When the dependent clause starts with an adverb of concession, a comma is needed. The adverb of concession expresses an idea that is contrary to the main idea.

Example:

He spoke with conviction, although most people in the audience were not persuaded.

b. Participial and infinitive phrases, absolute phrases, nonessential appositive phrases, and long prepositional phrases (more than four words) are some typical introductory phrases that must be followed by a comma.

Having completed the project, he took on a new one.

To secure a parking space, you’d better arrive early.

After the match but before dinner, we went for a walk.

c. Yes, however, and well are common introductory words that must be followed by a comma.

Examples:

Yes, the apartment should be ready by tomorrow.

However, they may not enter the building premises.

Well, I think it is necessary.

3. To separate clauses, phrases, and words that are not vital to the main idea of the sentence, we use a pair of commas in the middle of a sentence. 

Clause: That man, who lives next door to me, is the team football coach.

Phrase: The teacher sets high standards for his students. The school, on the other hand, is rather indifferent.

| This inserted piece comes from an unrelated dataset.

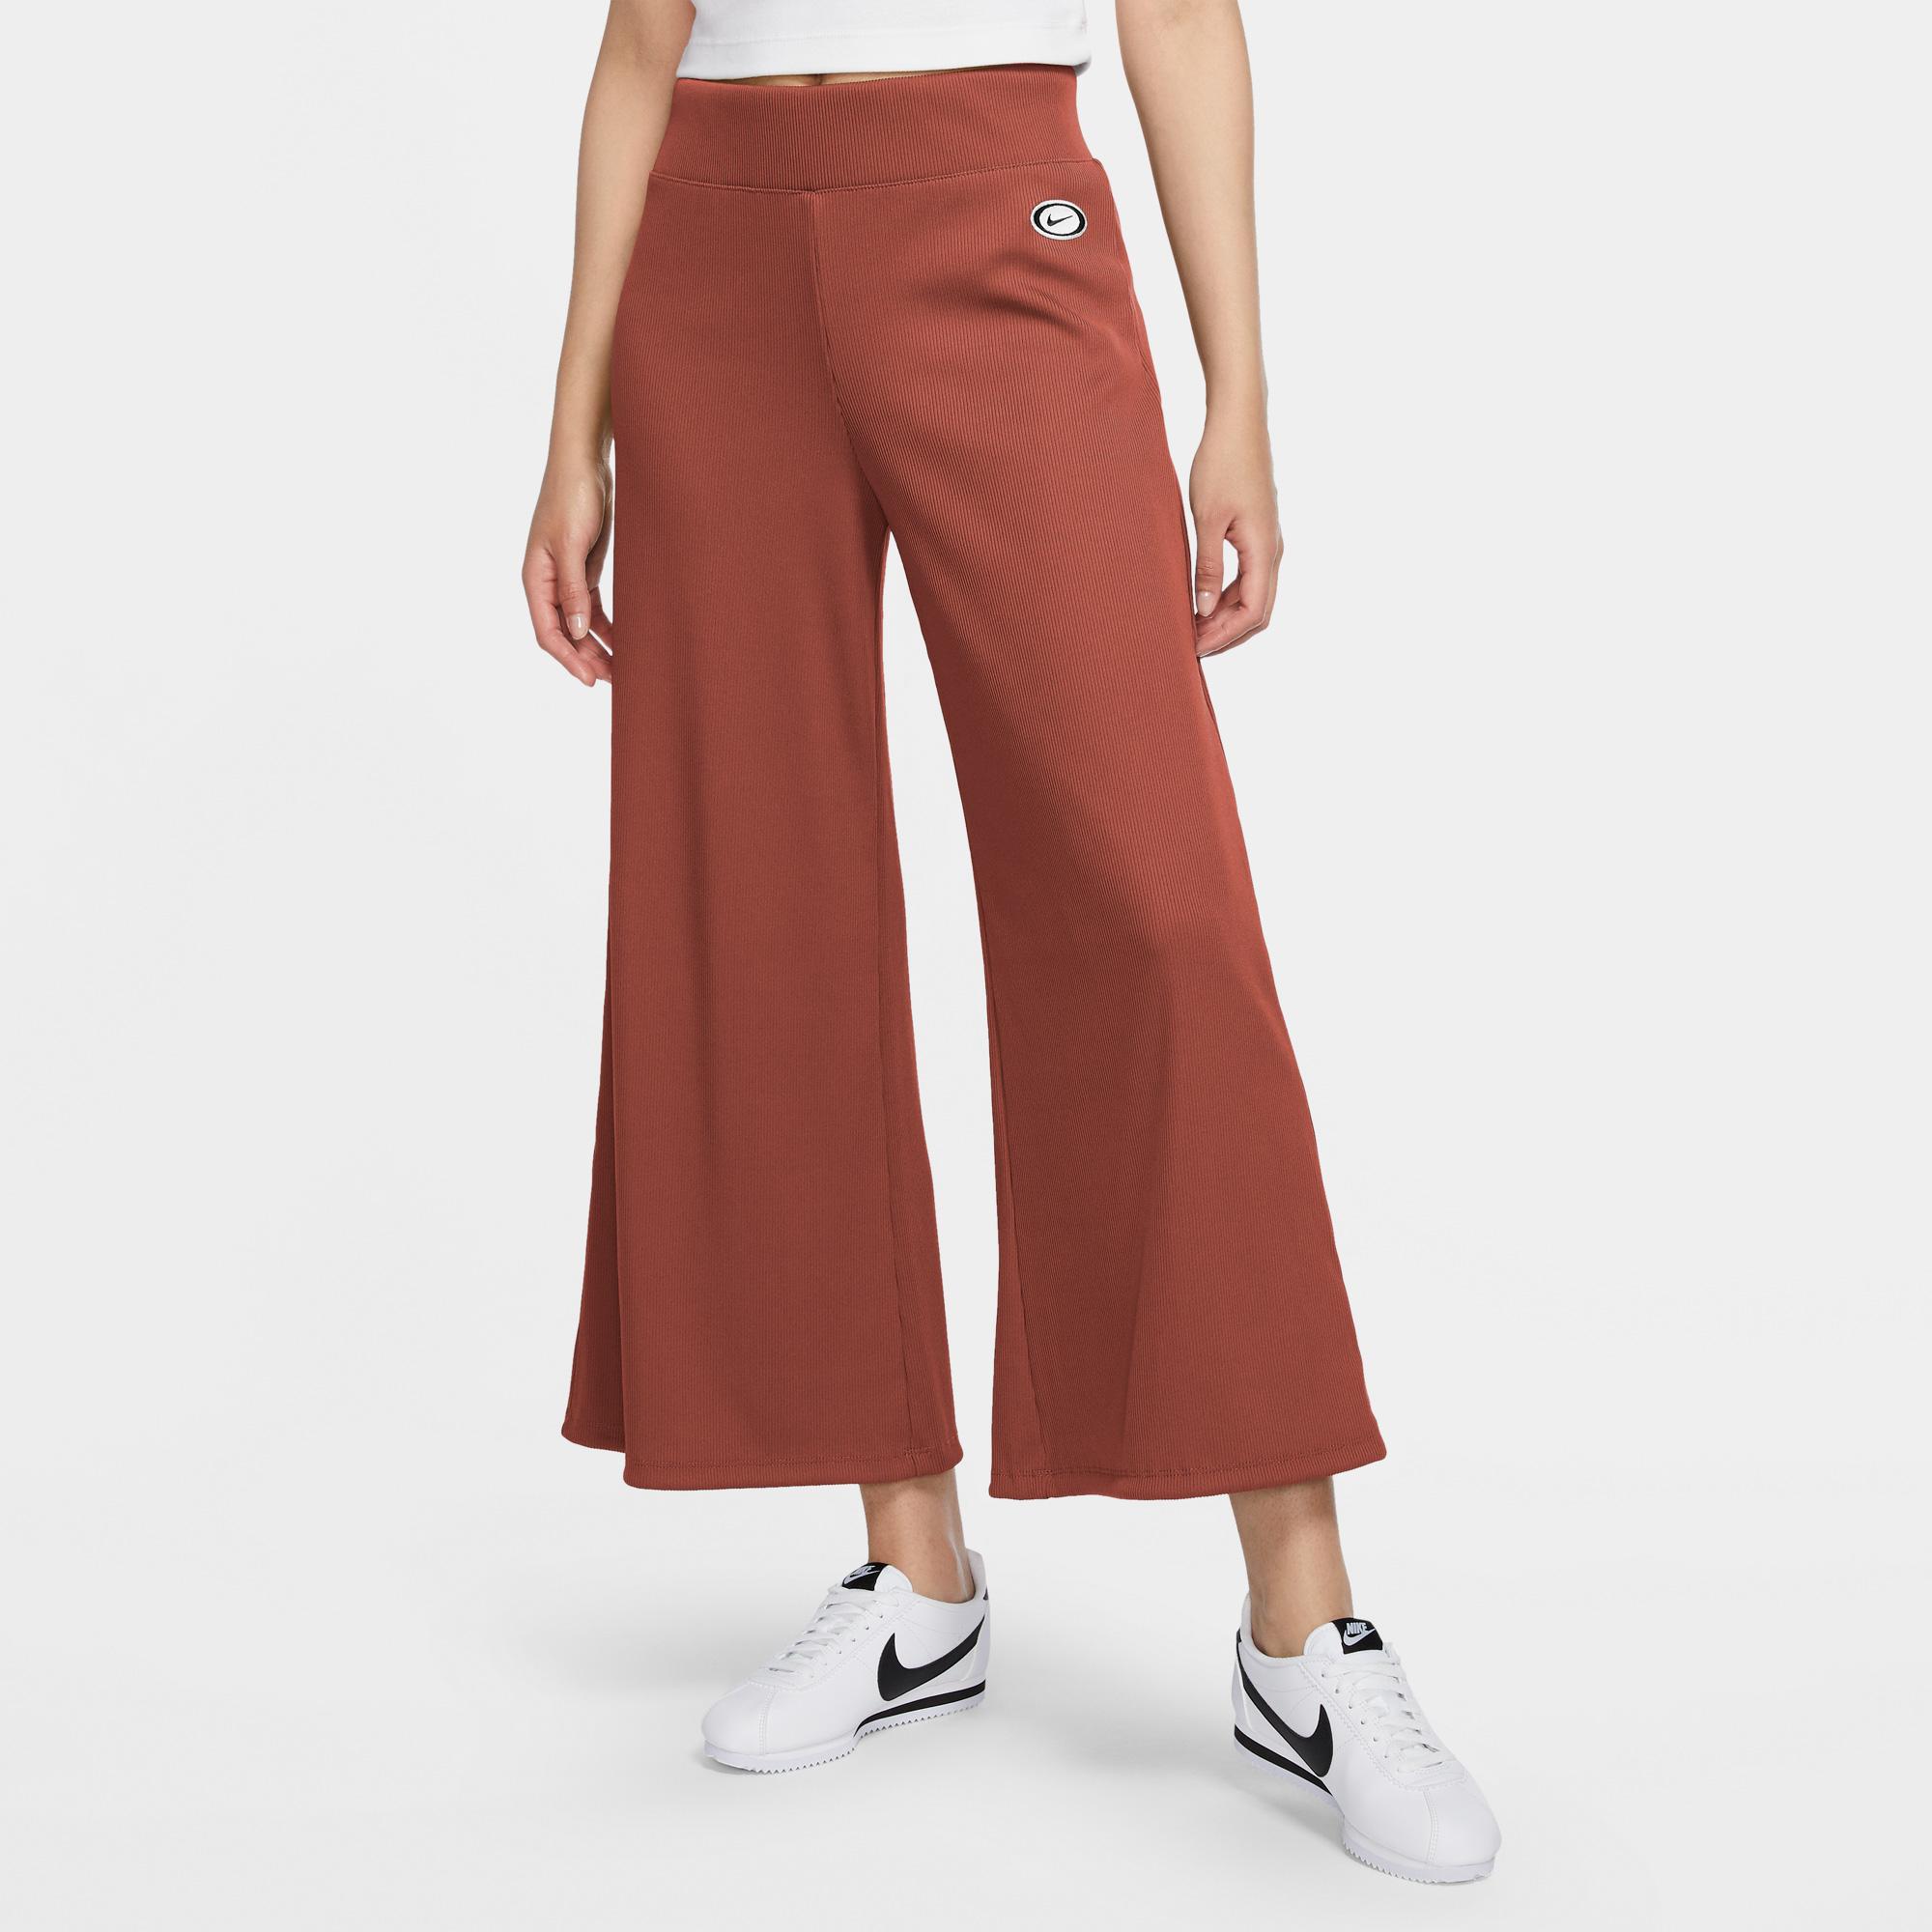 Nike Sportswear Kadın Turuncu Eşofman Altı

Word: We understand your complaint. In this situation, however, it lacks merit.

Notice that when you omit or change the position of the clauses inside the comma, the sentence still makes sense. These clauses, phrases, and words are nonessential and therefore requires the use of a pair of commas.

4. In contrast to rule no. 3, we should not use commas to separate essential elements of the sentence. These clauses usually begin with the word that. When used after nouns and following a verb that expresses mental action, that clauses are always essential. 

That clauses after nouns:

The table that you bought isn’t sturdy.

The bananas that we harvested are overripe.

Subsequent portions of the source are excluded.